If you are ever in Pinoso you may get the impression that there are more Britons than the figures suggest. The town halls only register their own of course. Only a few hundred metres down the road from our house is the border with Monóvar. Pinoso is in Alicante province but just 3kms away is the border with Murcia and the towns of Abanilla, Yecla and Jumilla all have frontiers with Pinoso. People living in those municipalities don't get counted in the Pinoso figures but for many of them Pinoso offers the nearest supermarket, bar or restaurant.

Friday, May 15, 2015

Wrinkled skin

On the second day I lived here, that is the day after the MGB, Mary the cat and I arrived in Spain to join Maggie, I went to the Town Hall in Santa Pola to register on the padrón. The padrón is a local register of inhabitants. Town Hall's like to have people on their padrón because it increases their funding from national and regional sources. Without being on the padrón it's difficult to access some services.

There were some problems with the paperwork; some tiny little defects. The Town Hall needed the landlord's signature. She was in Switzerland. They needed Maggie's signature. She was at work. I went to the Estate Agent, who had rented us the flat, and asked for advice. She forged the absent landlady's signature. Back at the Town Hall I forged Maggie's signature. As I wrote it with a pen borrowed from the clerk it wasn't much of a forgery. "Ah, the landlady and your wife came back unexpectedly." said the clerk as he stamped our padrón and we became official residents.

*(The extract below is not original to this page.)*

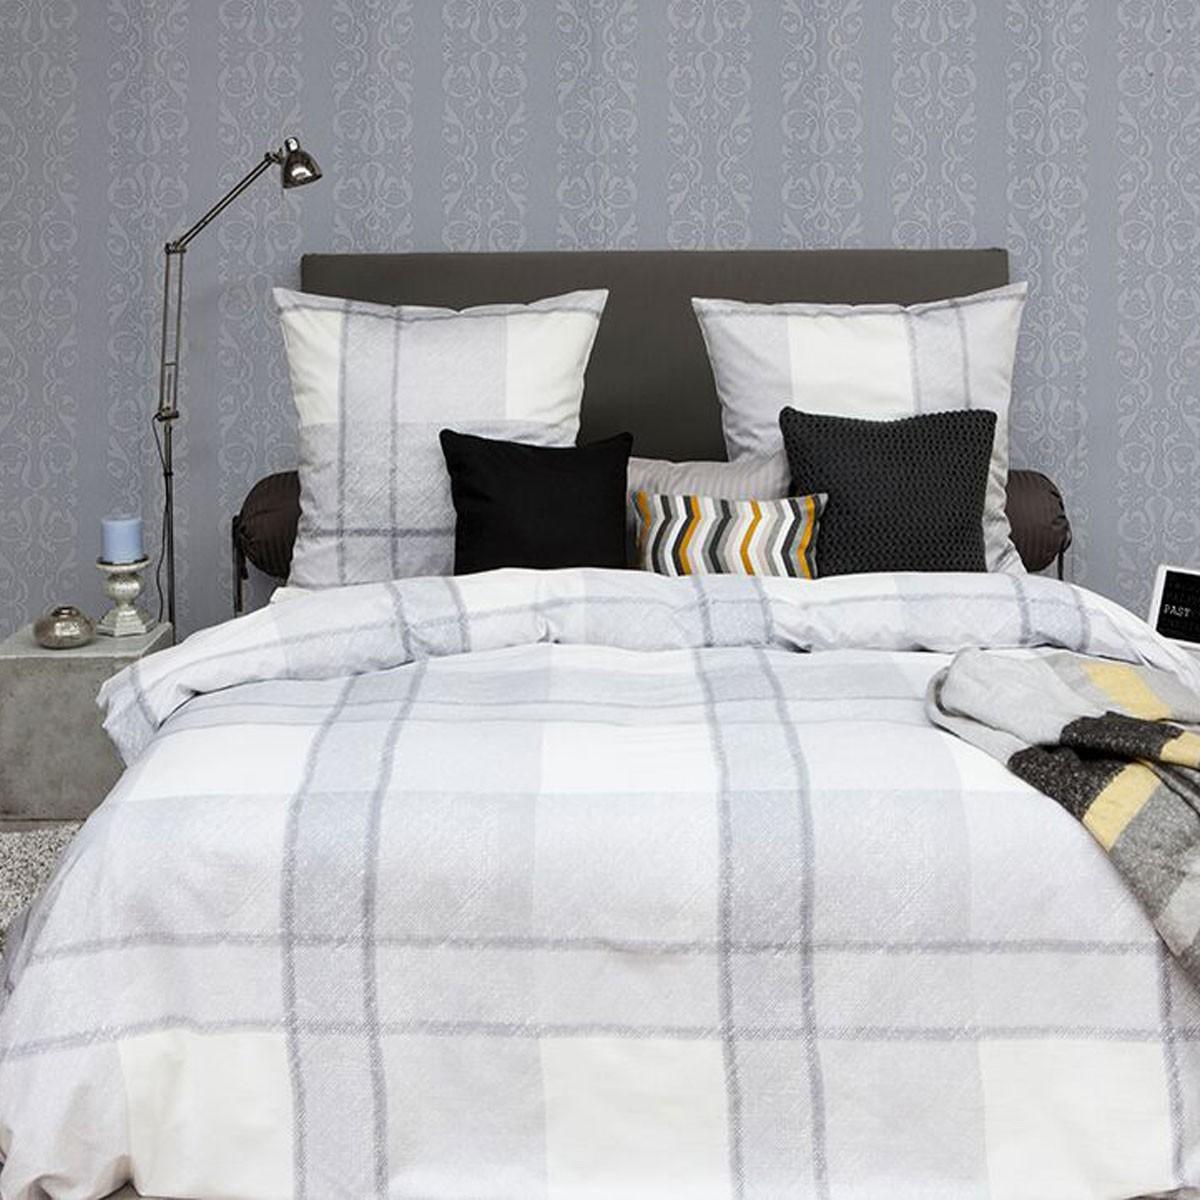 hnl baumwoll satin bettw sche karos grau 4986. Black Bedroom Furniture Sets. Home Design Ideas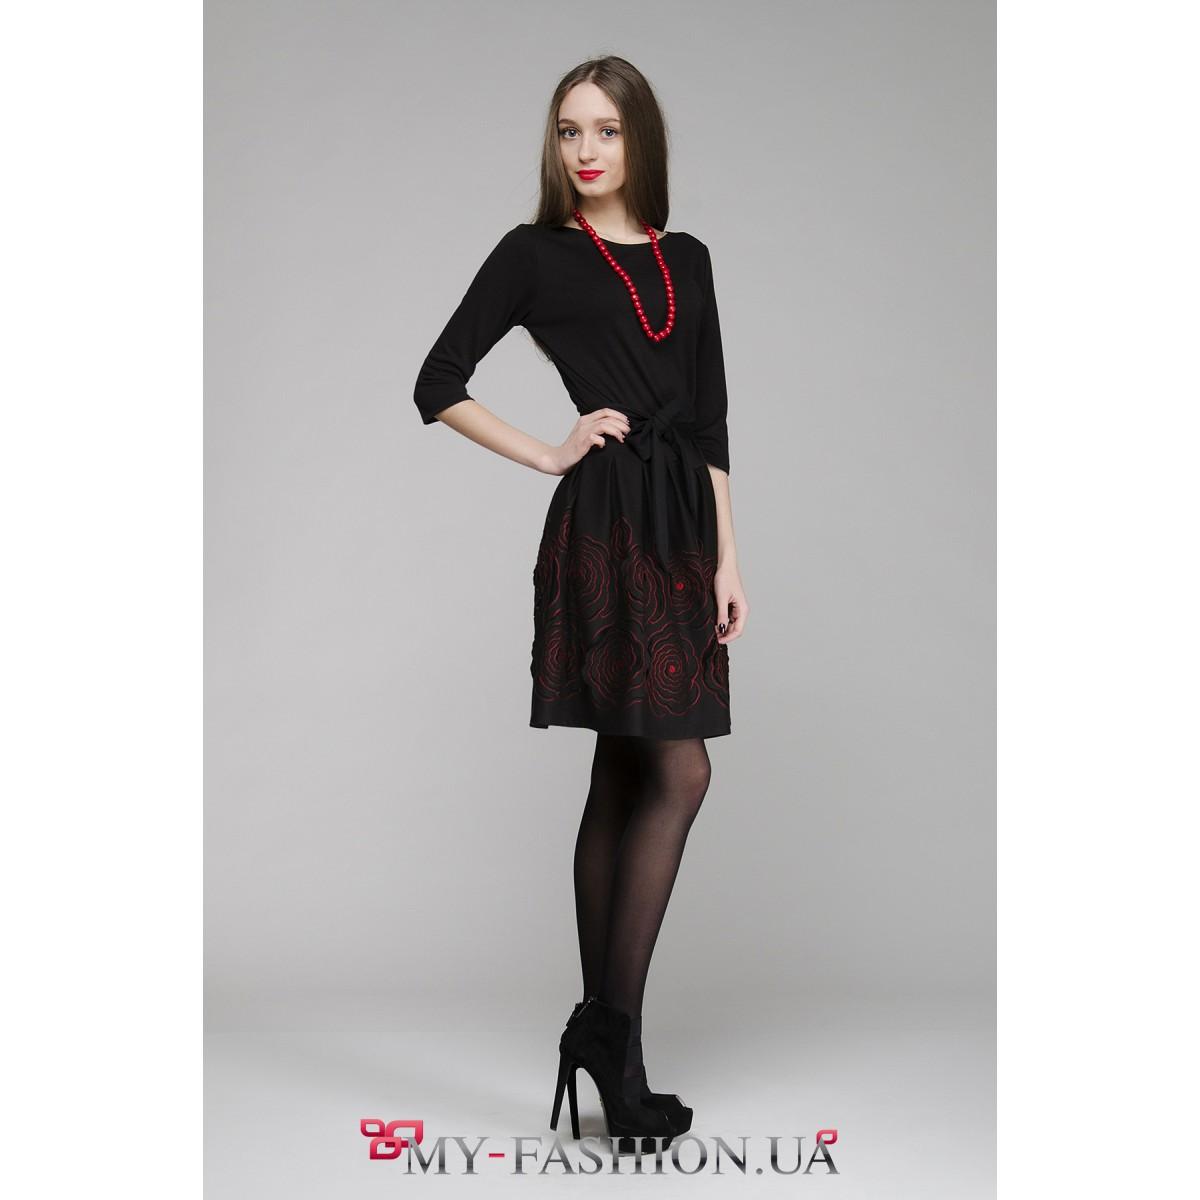 Купить черное платье с красными цветами

Today I had to set off for work within the hour. Maggie had just finished her job for the day and was due to get her nails done. We decided a quick snack lunch in a bar would be just the job. It all went dreadfully wrong, The service was slow and Maggie left after a salad and some indifferent mushrooms. I waited for the double portions we'd ordered to eat together to come. There were some Britons sitting very close to our table. Abandoned by Maggie I started talking to them. They were pretty new to the area. In the few moments we talked I heard that the electricity supply wasn't in their name, that they did not have the deeds for the house, that their water pipes seemed to be leaking and that they weren't registered with anyone for anything.

I began to dole out my ten year old wisdom, most of which is certainly out of date. I mentioned local people to contact to sort this and that problem. More importantly I helped them with their pudding order. They wanted ice cream as well as the fruit salad.

As I drove away there were two thoughts uppermost in my mind. The first was just how confusing I had probably been. For someone who was having trouble with the translation of the word for hake, the fish, talk of various Spanish processes must have been first rate gobbledygook. Padrón this, escritura that  with Iberdrola and gestores up the ying yang. It had probably been confusing for me too all those years ago in Santa Pola. The second, much more rewarding, thought was that I'd had no trouble at all getting them ice cream and fruit salad.

Extrapolate as John D.W. Bottomley, my one time chemistry teacher, used to say.